» **Supplied data**:
▼
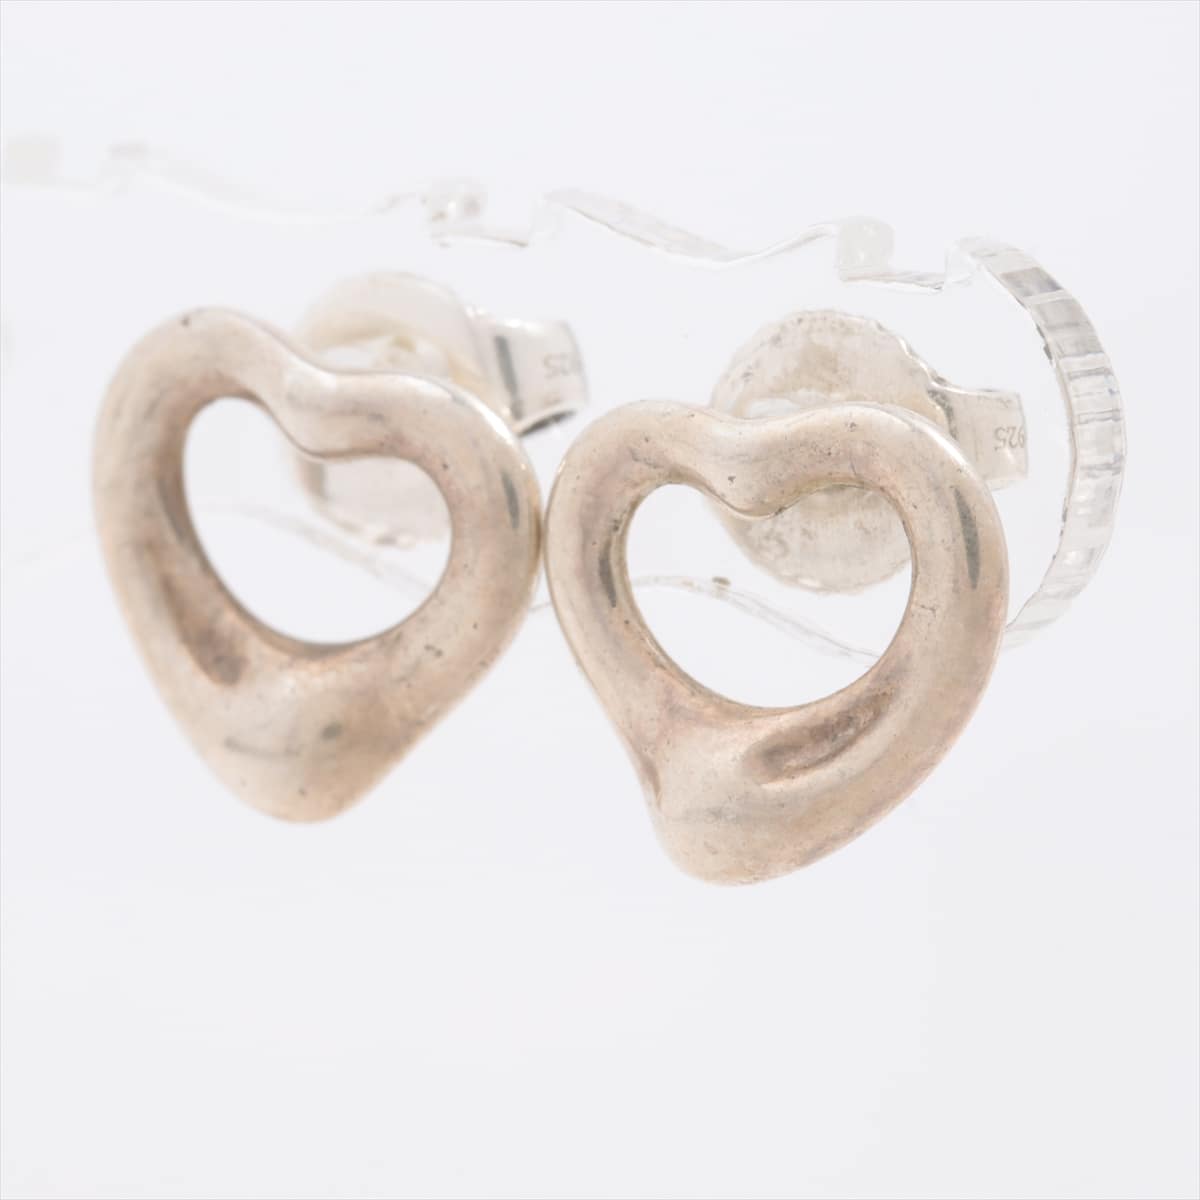 Tiffany Open Heart Piercing jewelry (for both ears) 925 2.0g Silver
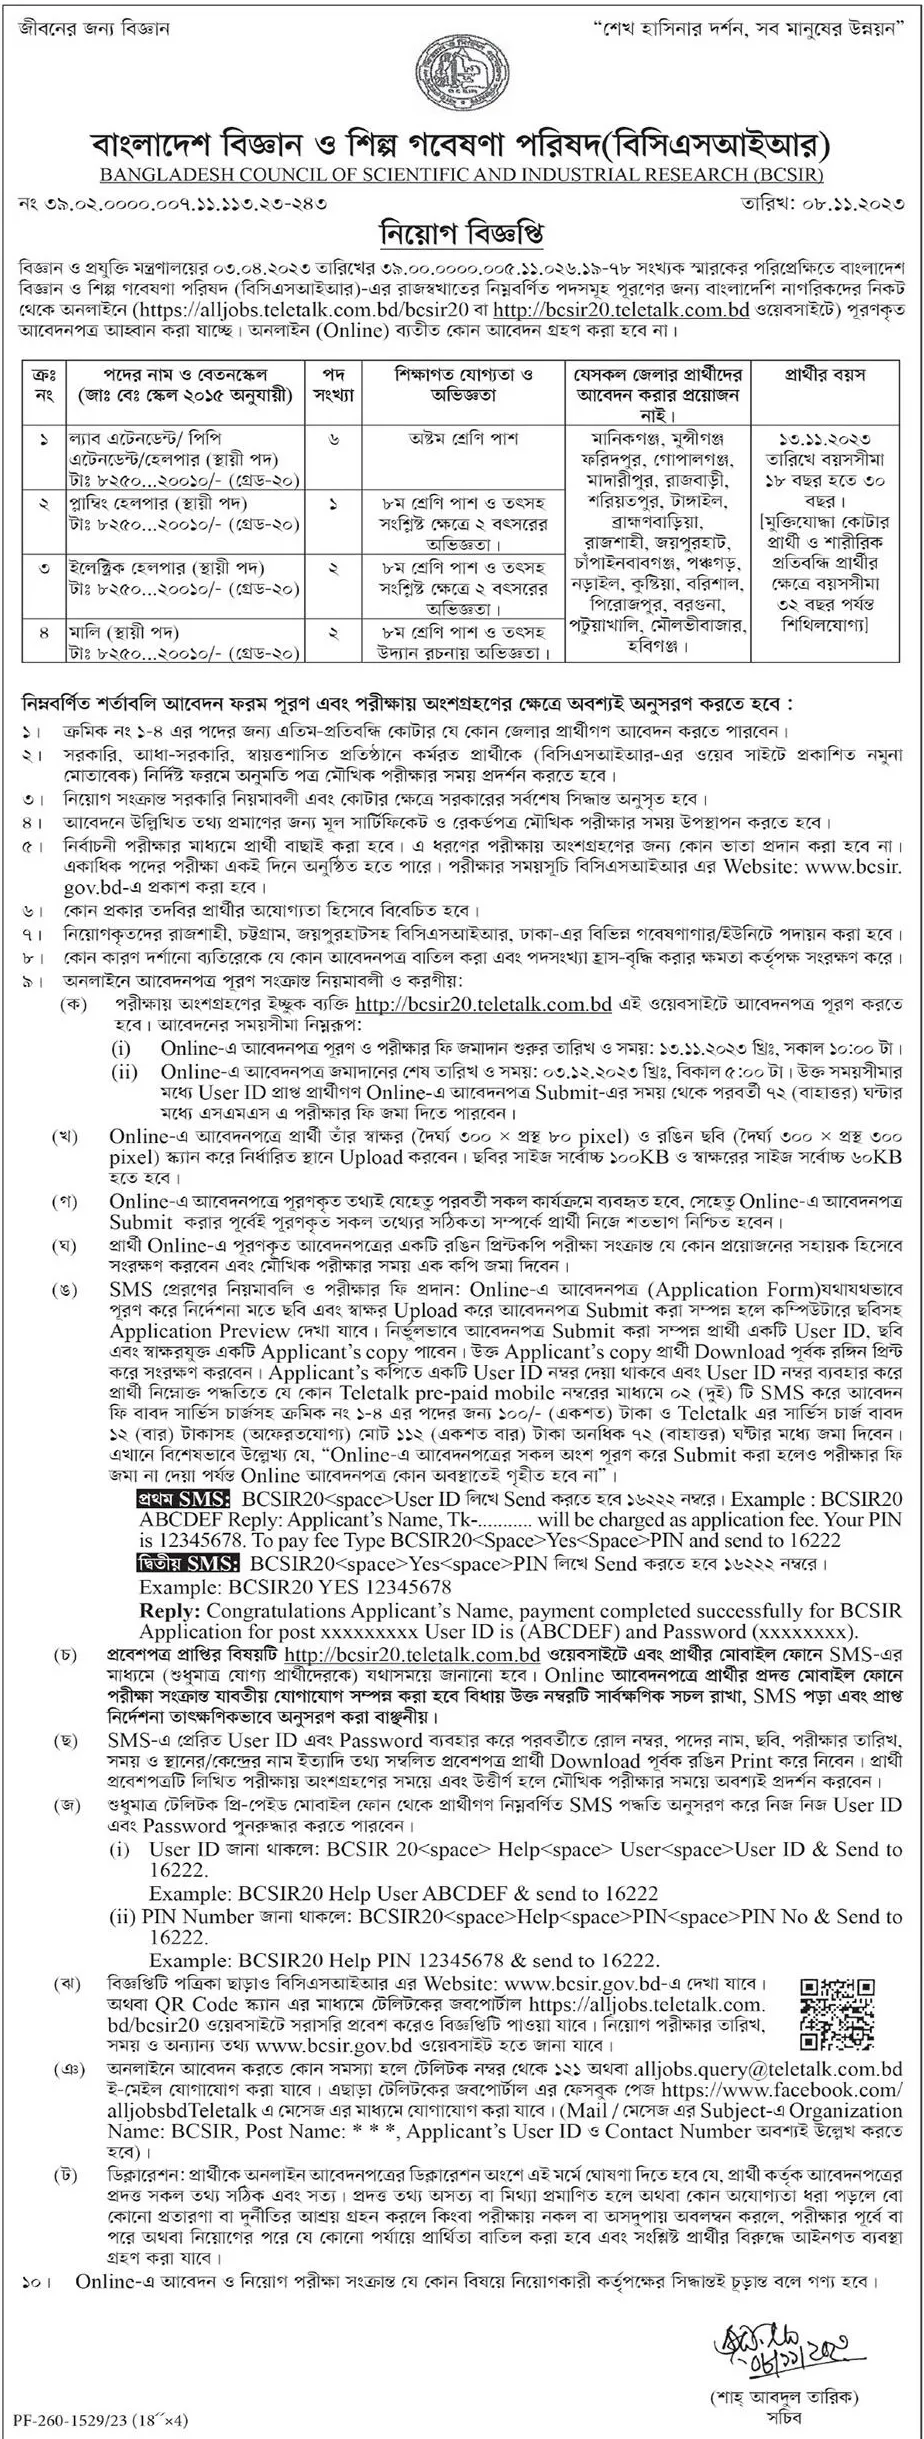 Bangladesh Council of Science and Industrial Research (bcsir) Job Circular 
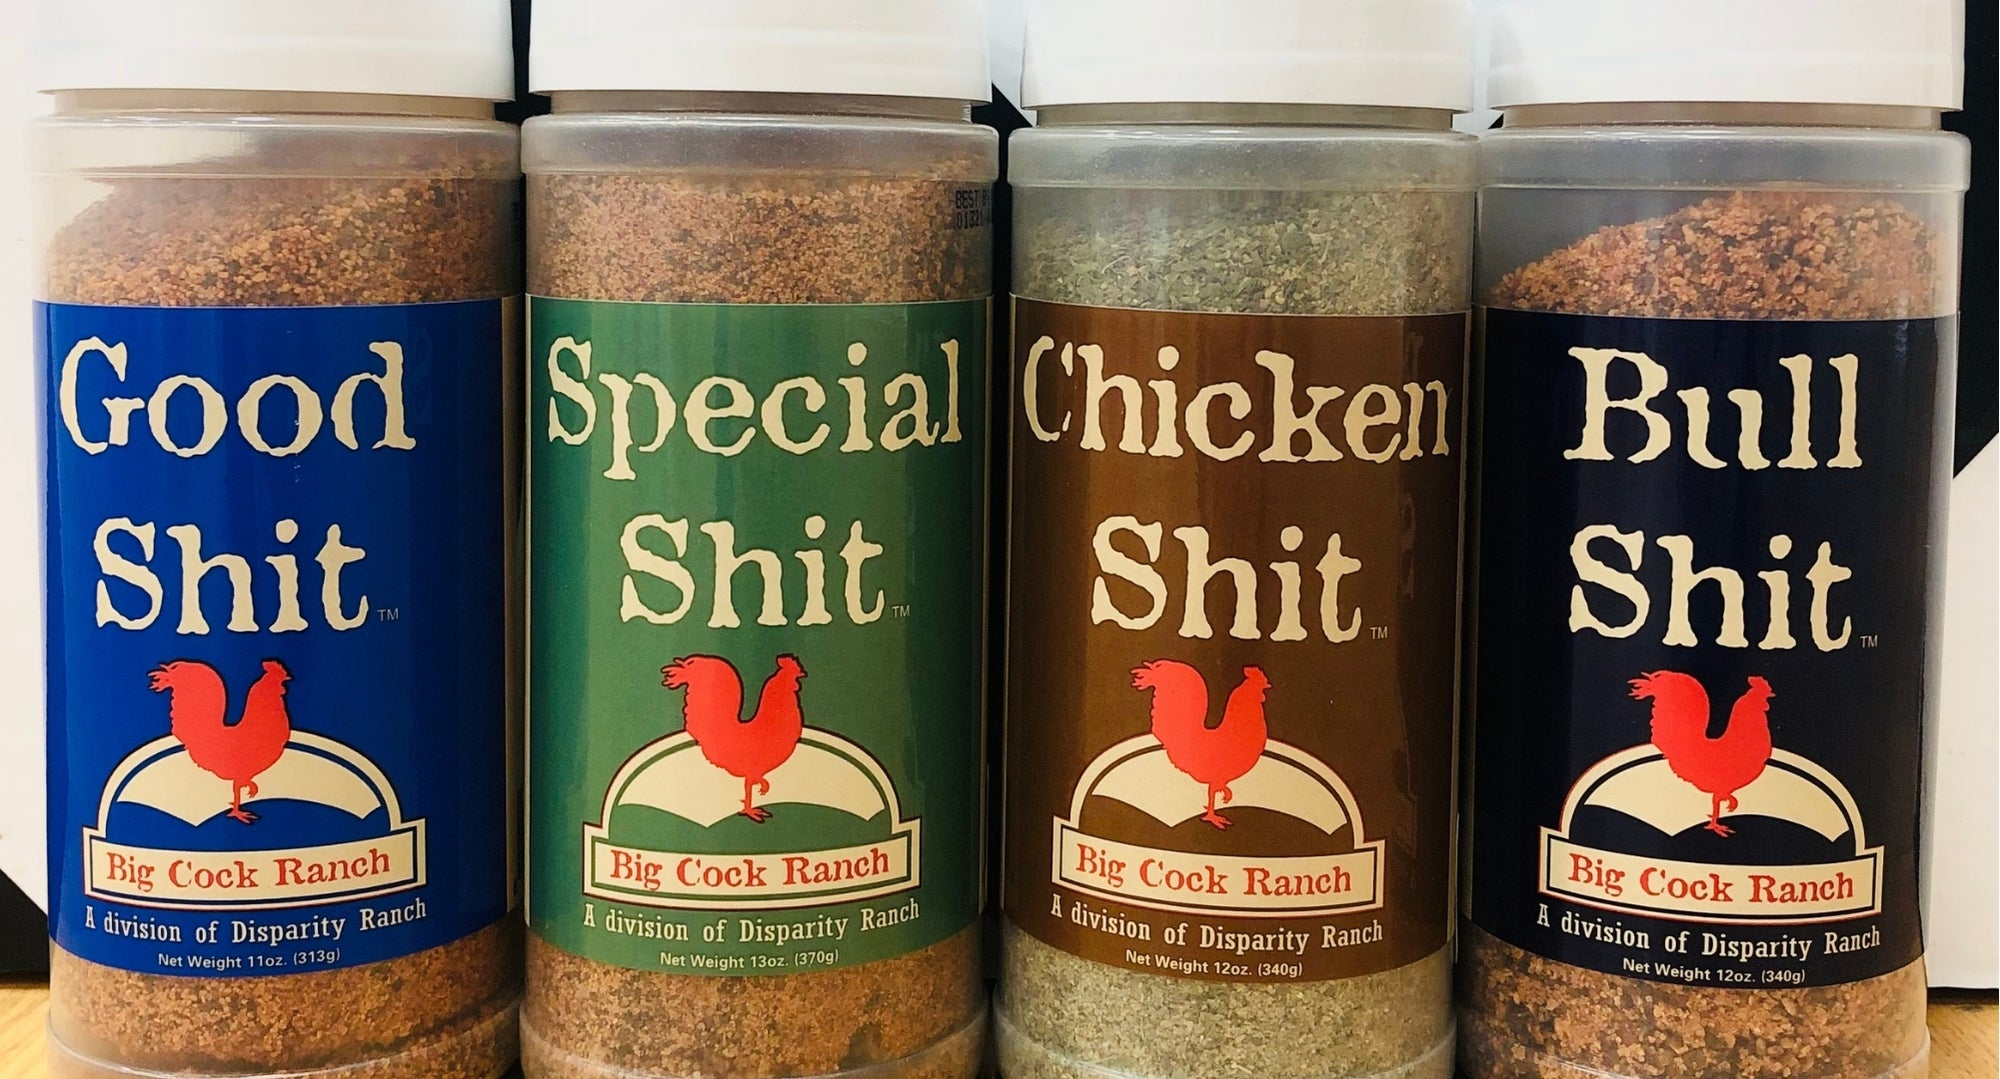 Chicken Sh*t - Seasoning
▲
» **Work required**: The data above should be restated exactly, with its images dropped.

» **Completed task**:
 Tiffany Open Heart Piercing jewelry (for both ears) 925 2.0g Silver
 Bangladesh Council of Science and Industrial Research (bcsir) Job Circular 
 Chicken Sh*t - Seasoning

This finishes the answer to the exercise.